Reduction of Muscarinic K+ Channel Activity by Transferrin in Ischemic Rat Atrial Myocytes.
- Author:
Kyeong Tae PARK
1
;
Dawon KANG
;
Jaehee HAN
;
Jae Yong PARK
;
Chang Gi HUR
;
Seong Geun HONG
Author Information
1. Department of Physiology, College of Medicine and Institute of Health Sciences, Gyeongsang National University, Jinju 660-751, Korea. hong149@gsnu.ac.kr
- Publication Type:Original Article
- Keywords:
Muscarinic K+ channel;
Cardiac ischemia;
Transferrin;
Ferric iron;
Cytosolic factor
- MeSH:
Animals;
Blotting, Western;
Cytoplasm;
Cytosol;
Heart;
Muscle Cells*;
Rats*;
Transferrin*
- From:The Korean Journal of Physiology and Pharmacology
2003;7(6):333-339
- CountryRepublic of Korea
- Language:English
-
Abstract:
It has been demonstrated that an unidentified cytosolic factor (s) reduces K (ACh) channel function. Therefore, this study attempted to elucidate the cytosolic factor. Fresh cytosol isolated from normal heart (FC) depressed the K (ACh) channel activity, but cytosol isolated from the ischemic hearts (IC) did not modulate the channel function. Electrophorectic analysis revealed that a protein of ~80 kDa was markedly reduced or even lost in IC. By using peptide sequencing analysis and Western blot, this 80 kDa protein was identified as transferrin (receptor-mediated Fe3+ transporter, 76 kDa). Direct application of transferrin (100 nM) to the cytoplasmic side of inside-out patches decreased the open probability (Po, 12.7+/-6.4%, n=4) without change in mean open time (tau o, 98.5+/-1.3%, n=4). However, the equimolar apotransferrin, which is free of Fe3+, had no effect on the channel activity (N*Po, 129.1+/-13.5%, n=3).

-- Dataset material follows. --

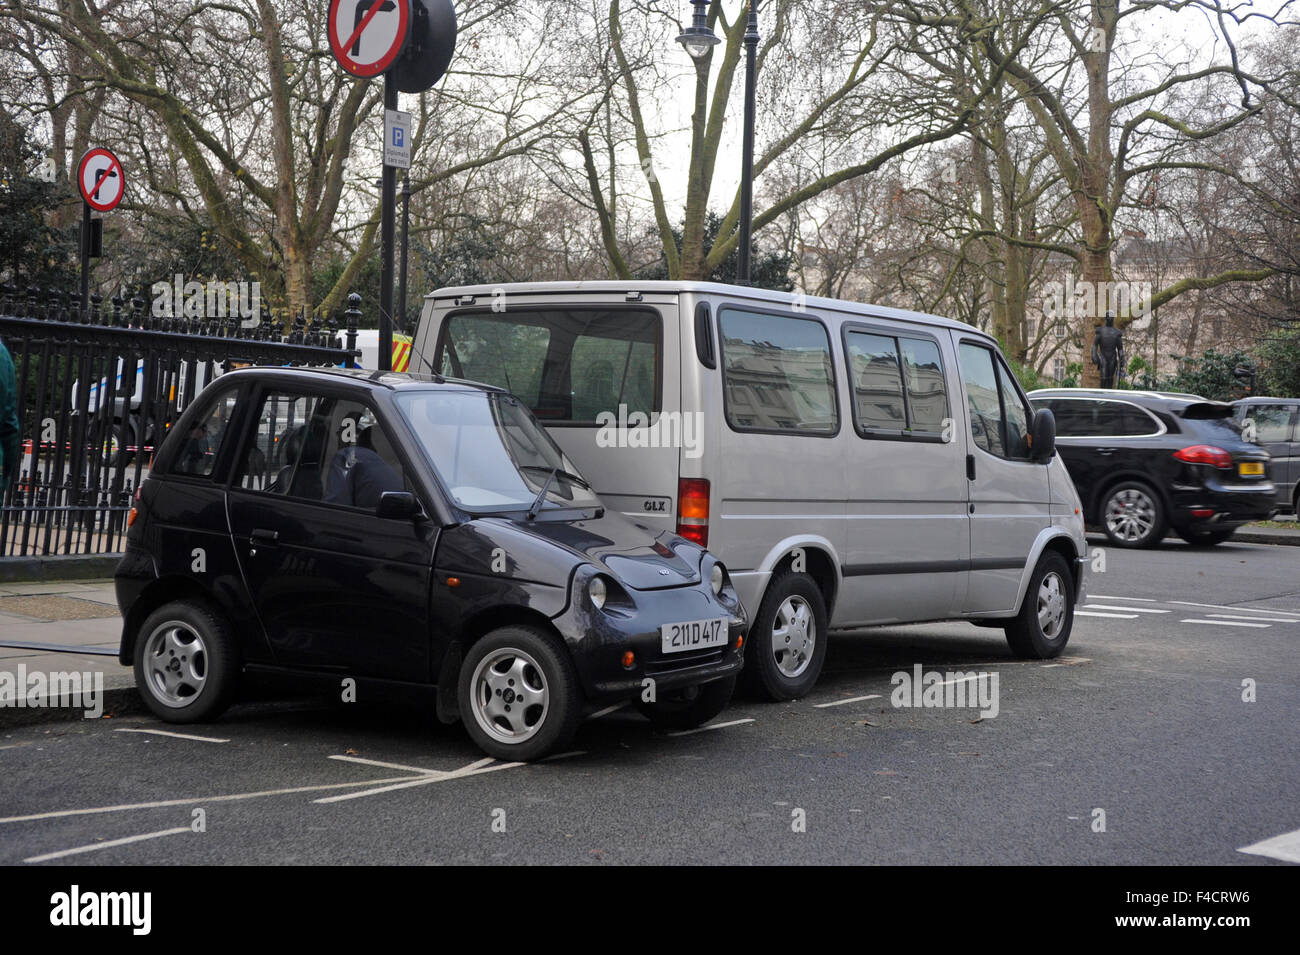 London, UK, 18. Dezember 2014, Smart Auto seitwärts in gemeinsamen Parkplatz geparkt. Stockfoto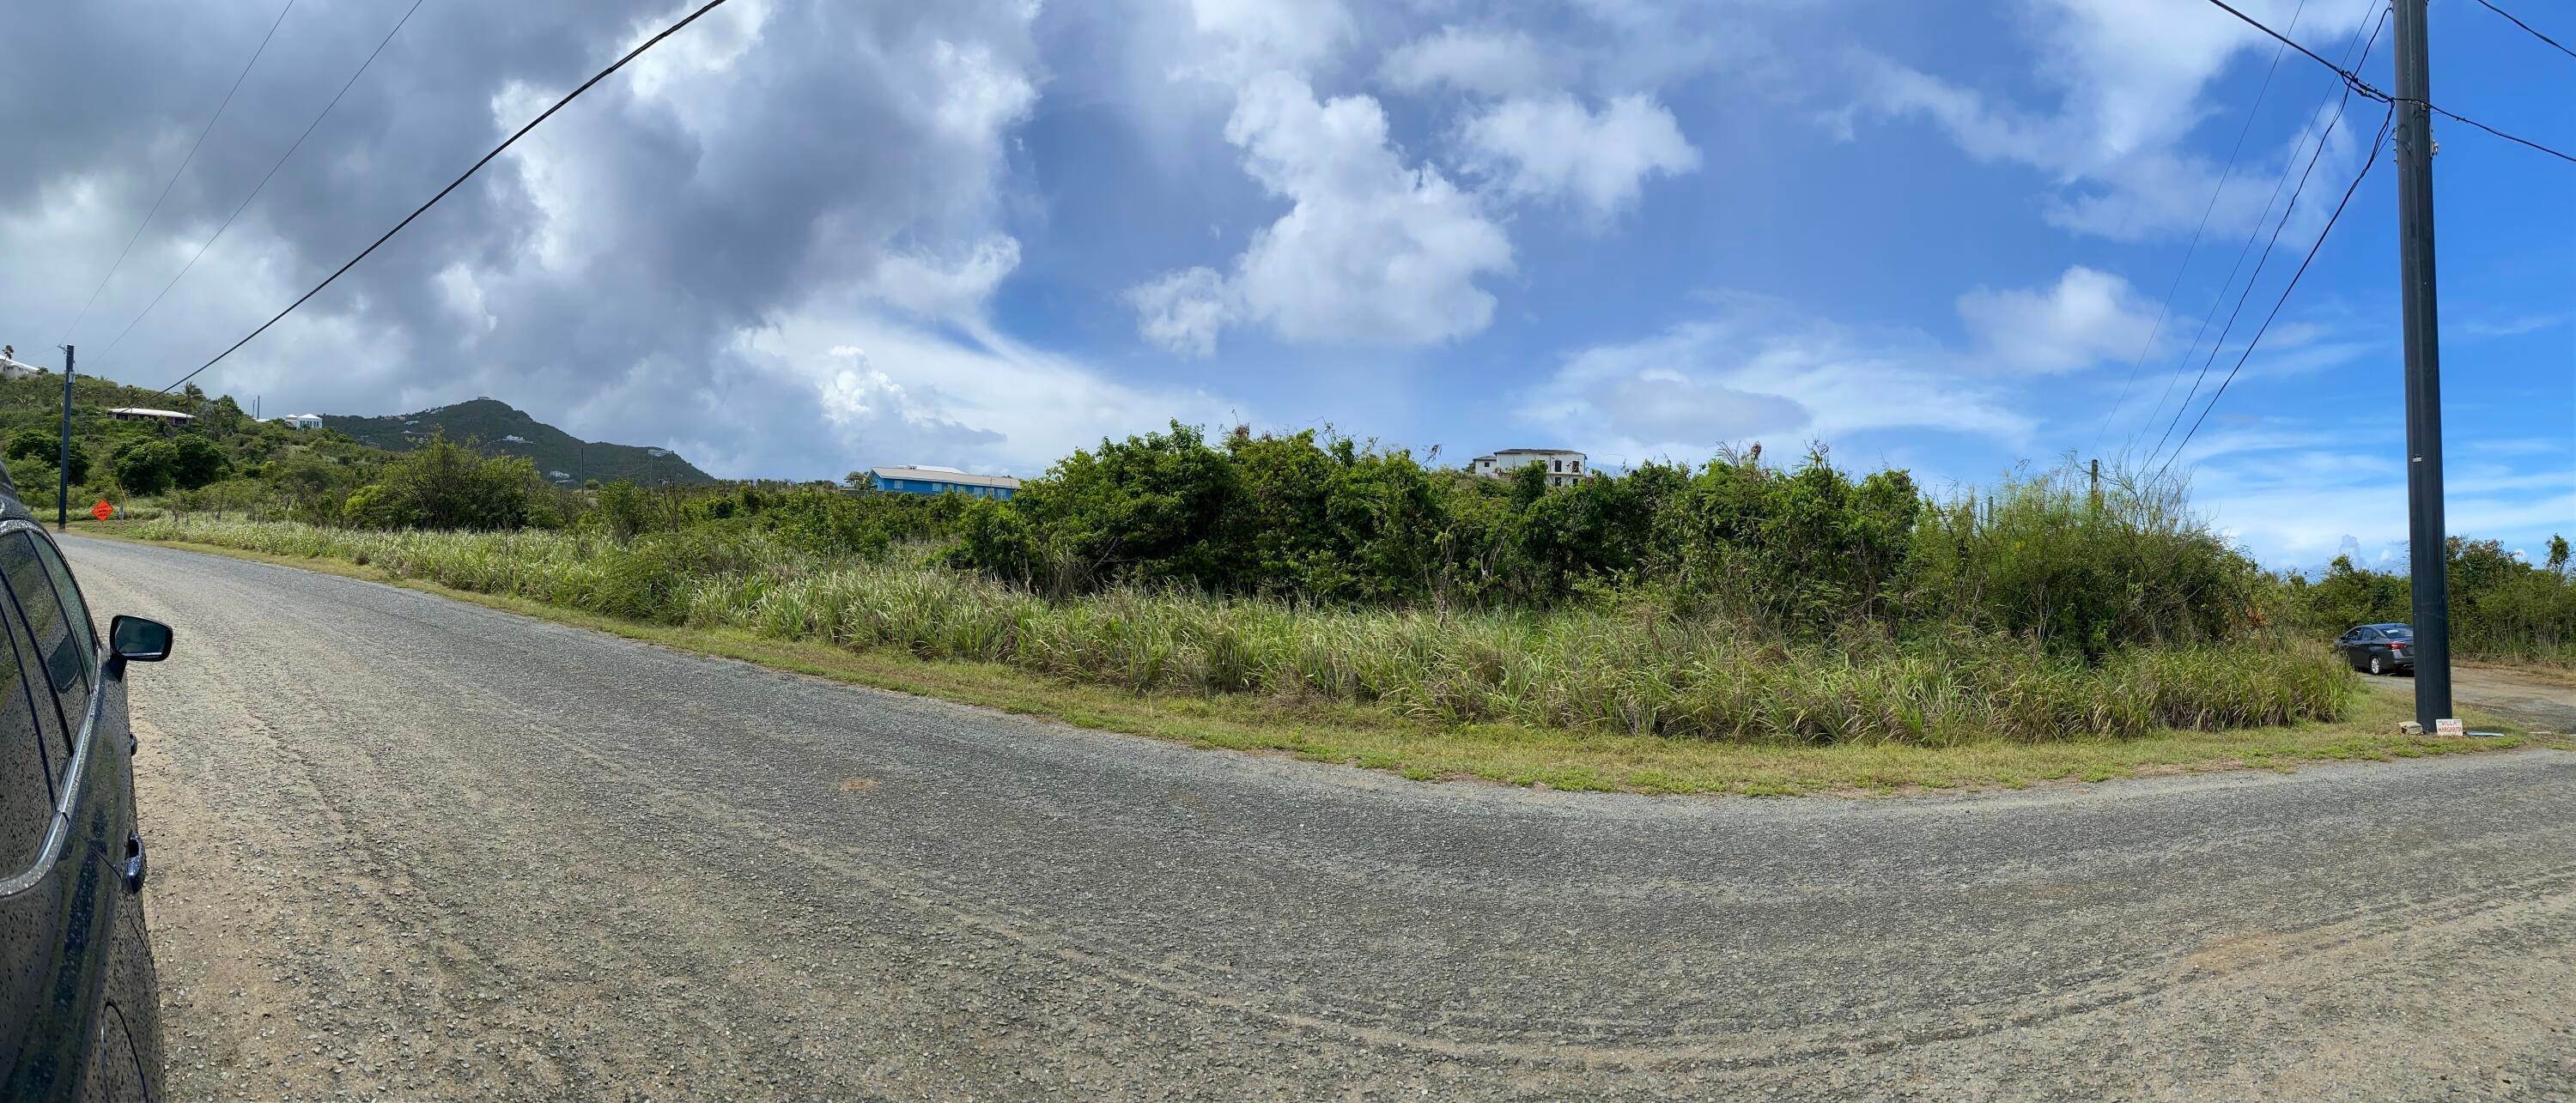 6. Land for Sale at 30 Salt River NB St Croix, Virgin Islands 00820 United States Virgin Islands

Directly applied Fe3+ (100 nM) showed results similar to those of transferrin (N*Po: 21.1+/-3.9%, n=5). However Fe2+ failed to reduce the channel function (N*Po, 106.3+/-26.8%, n=5). Interestingly, trivalent cation La (3+) inhibited N*Po of the channel (6.1+/-3.0%, n=3). Taken together, these results suggest that Fe3+ bound to transferrin can modulate the KACh channel function by its electrical property as a polyvalent cation.